A doença ameaça causar um dos piores desastres fitossanitários e econômicos da agricultura. A plantação afetada fica a poucos quilômetros de Brasiléia, no Acre. Segundo especialistas em defesa agropecuária, o fungo causador da doença se propaga com o vento e pode chegar a qualquer momento no Brasil.

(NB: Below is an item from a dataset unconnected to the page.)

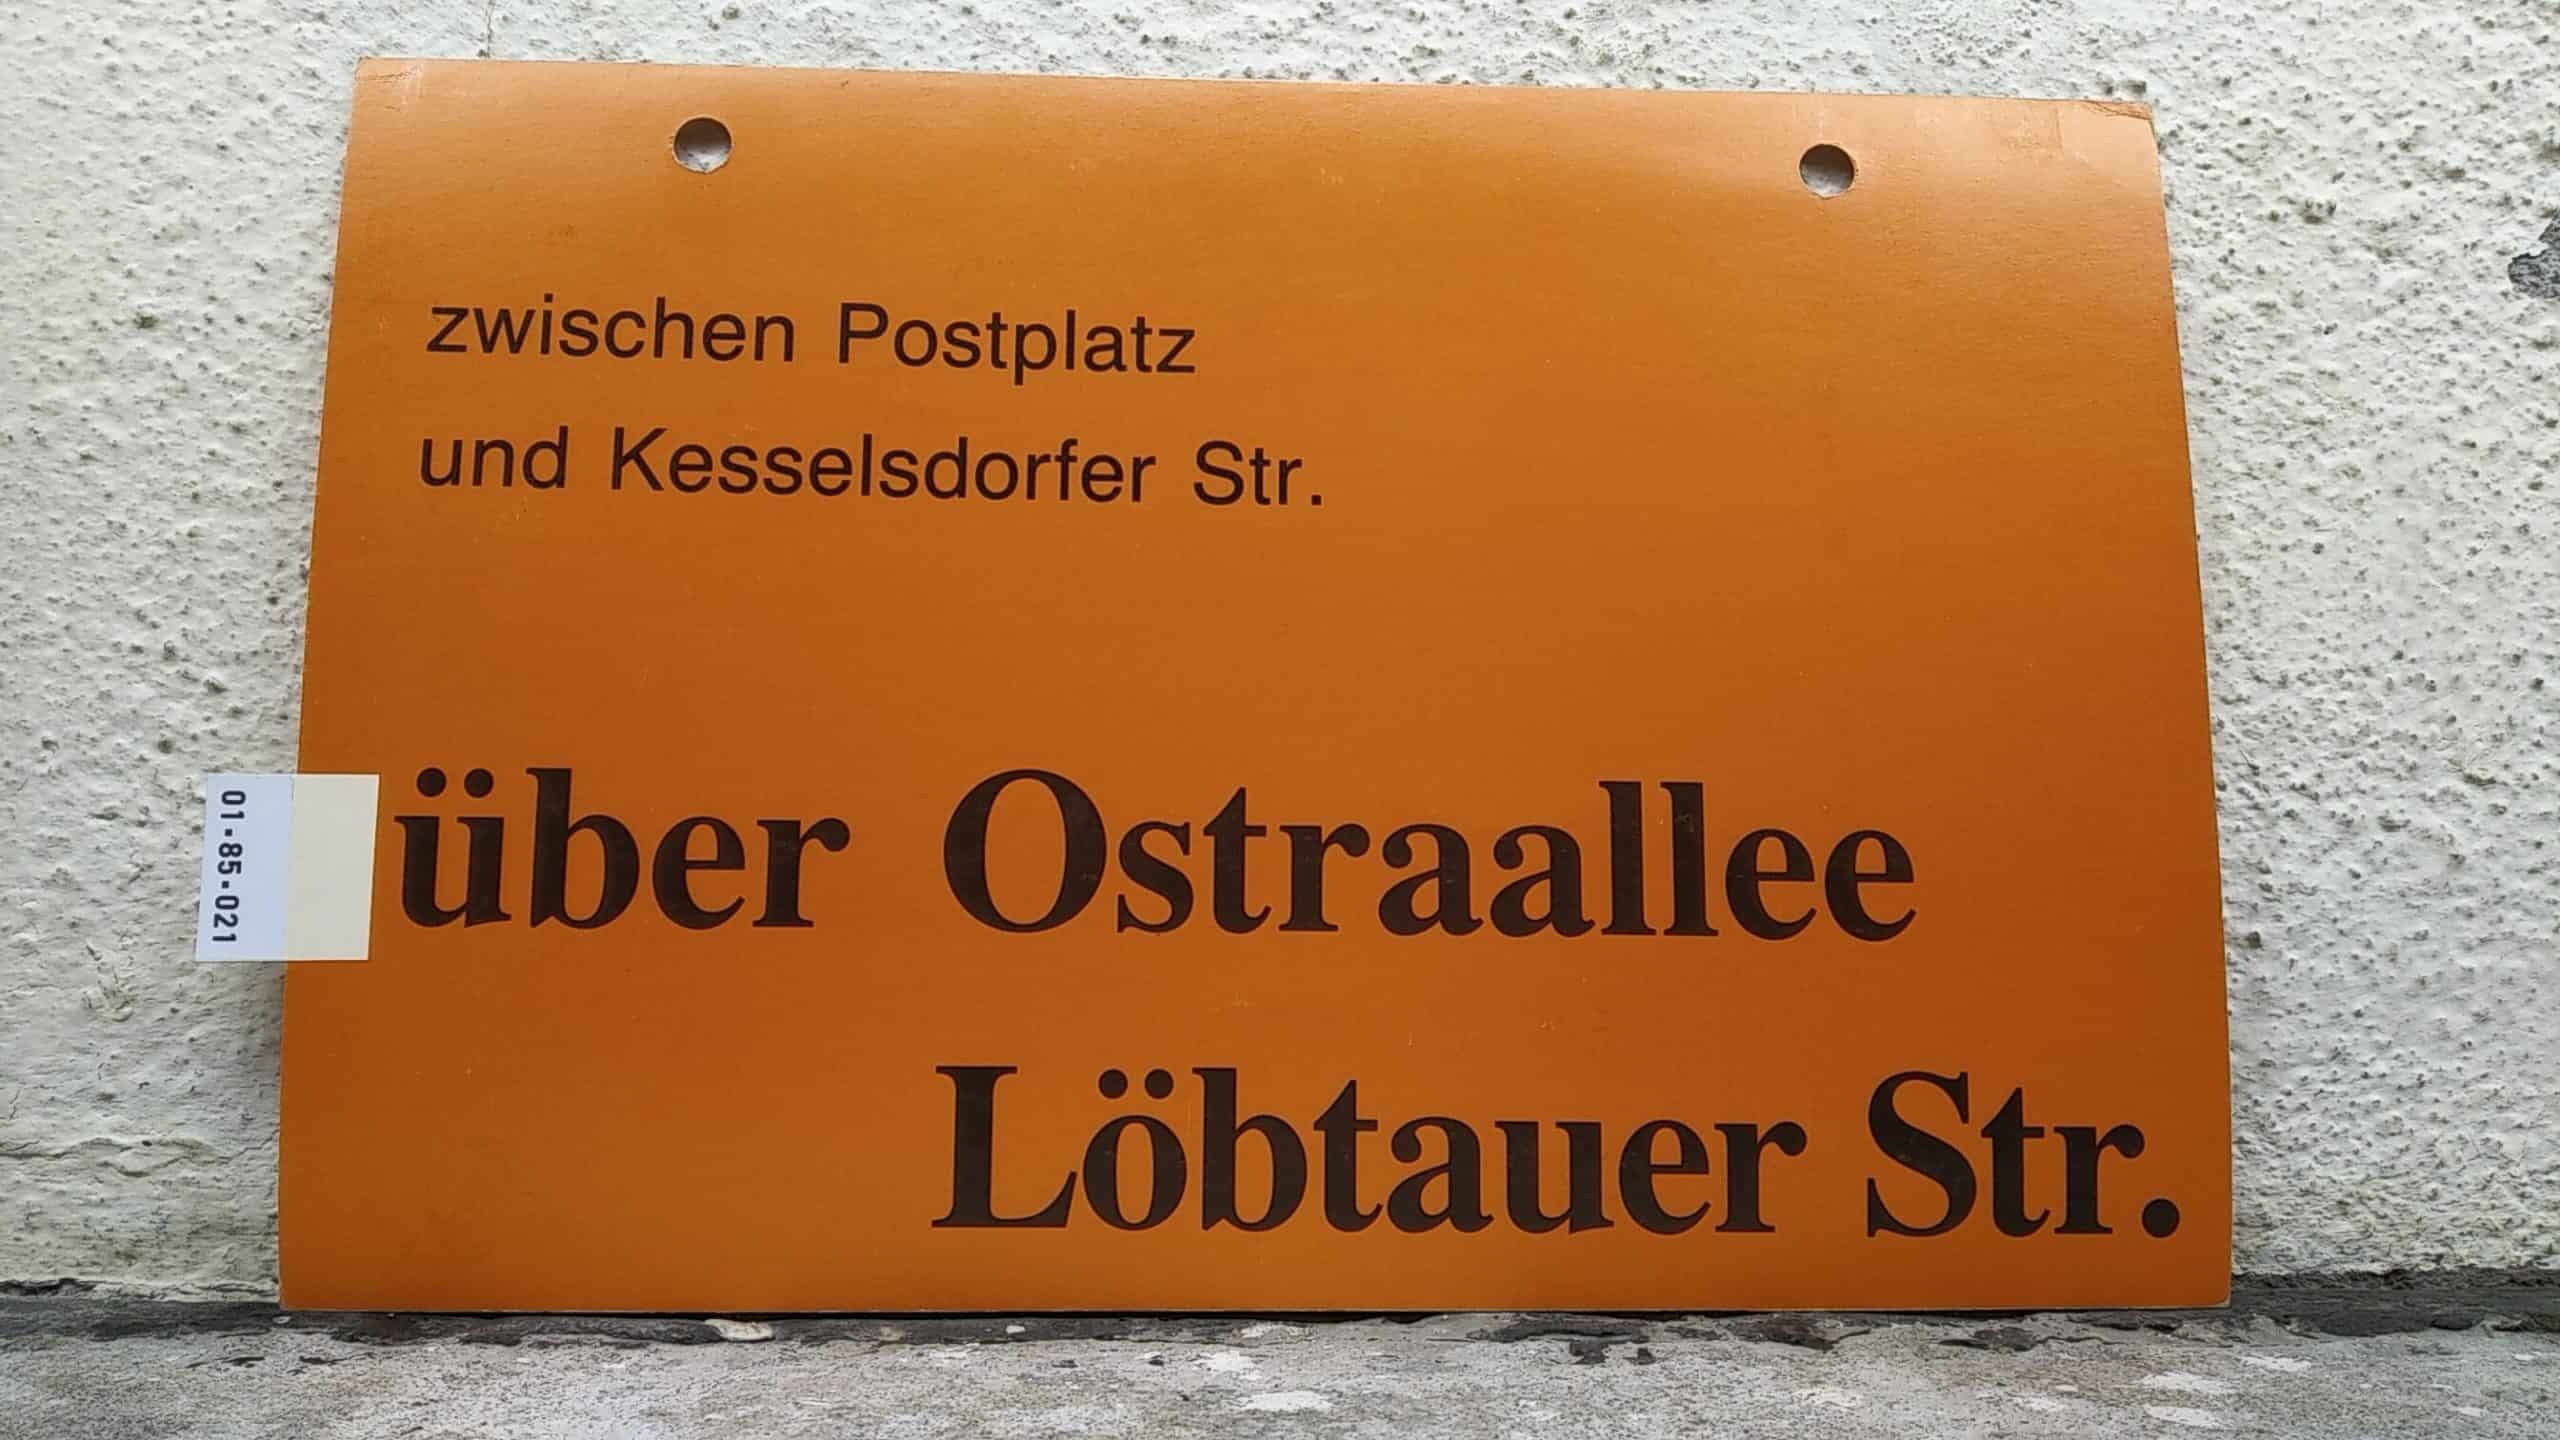 Ein seltenes Straßenbahn-Umleitungsschild aus Dresden: zwischen Postplatz und Kesselsdorfer Str. über Ostraallee Löbtauer Str.

“Se o risco antes já era alto, agora ele está batendo na nossa porta. Apesar de ainda não estarmos em Estado de Alerta oficial, já estamos em uma situação de atenção fitossanitária. É como se a gente ligasse a luz amarela. E, a qualquer momento, pode ser decretado o Alerta Fitossanitário na Bahia e em outros estados do Brasil. O Acre já decretou”, afirma Catarina Cotrim Mattos, coordenadora do Programa de Prevenção à Monilíase do Cacaueiro da Agência de Defesa Agropecuária da Bahia (Adab).
O foco está numa região de grande fluxo de pessoas, o que aumenta os riscos de disseminação. “Este foco mais recente está em uma área de risco altíssimo. Existe uma rodovia do lado boliviano com malha viária intensa, onde as pessoas costumam circular para fazer compras. Por isso, a qualquer momento ele pode chegar pelo trânsito de pessoas, já que o fungo pode estar na roupa ou sapato de quem teve contato com fruto infectado”, alerta Catarina. Infografia: Morgana Miranda/CORREIO Golpe fatal As plantações com maior risco estão no Norte, principalmente no Acre e no Pará, maior produtor de cacau do Brasil atualmente. Mas, as amêndoas colhidas nestes estados são trazidas para beneficiamento nas três indústrias moageiras de Ilhéus, na Bahia, responsáveis pelo beneficiamento de 96% do cacau produzido no Brasil.
O fungo pode vir no fruto ou através de pessoas que tenham tido contato com o cacau afetado no campo. Produtores rurais baianos também consideram a chegada da doença inevitável e preocupante.
“Temos consciência de que não vamos conseguir evitar a entrada da monilíase. Esse fungo vai comprometer por completo a retomada da região. Chegando, vai ser o golpe fatal na cacauicultura do estado da Bahia. Se chegar do jeito que o setor está, a cacauicultura fecha as portas”, alerta o vice-presidente de Desenvolvimento Agropecuário da Federação de Agricultura e Pecuária da Bahia (Faeb), Guilherme Moura.
Defesa agropecuária O reforço na defesa agropecuária é apontado como crucial para tentar amenizar os danos econômicos, sociais e ambientais que vão ser provocados pela praga.
“Onde a monilíase chegou, ela dizimou toda a produção. Se houver um controle, você tem perdas em torno de 30% dos frutos; se não houver, perde 100%. Vamos ter de intensificar a nossa vigilância”, acrescenta Catarina Mattos.
As autoridades bolivianas garantem que estão fiscalizando o trânsito de pessoas na fronteira. As pessoas estão sendo orientadas a não transportar frutas, mudas e sementes e a isolar roupas, sapatos e botas caso tenham circulado por áreas agrícolas. Equipamentos eletrônicos, como máquinas fotográficas, precisam sem higienizados.
Na Bahia a principal área de monitoramento atinge os 170 mil hectares de cacau, do Recôncavo ao Extremo Sul. A Adab afirma que vem intensificando a fiscalização desde 2007, quando implantou um Projeto de Prevenção à Monilíase. O programa prevê incentivo as pesquisas, assistência técnica, capacitação, extensão rural e educação fitossanitária à população. Segundo a coordenação do órgão, 350 propriedades rurais estão sendo monitoradas em parceria com a Ceplac.
A ameaça é tão concreta, que a monilíase foi a primeira praga a ter um Plano de Contingência traçado pelo Ministério da Agricultura, pecuária e Abastecimento (Mapa), entre as mais de 600 pragas listadas pelo órgão. Ao todo, 112 fiscais de defesa agropecuária estão prontos para atuar em caso de invasão da praga nos estados da Bahia, Pará, Rondônia, Acre e Amazônia.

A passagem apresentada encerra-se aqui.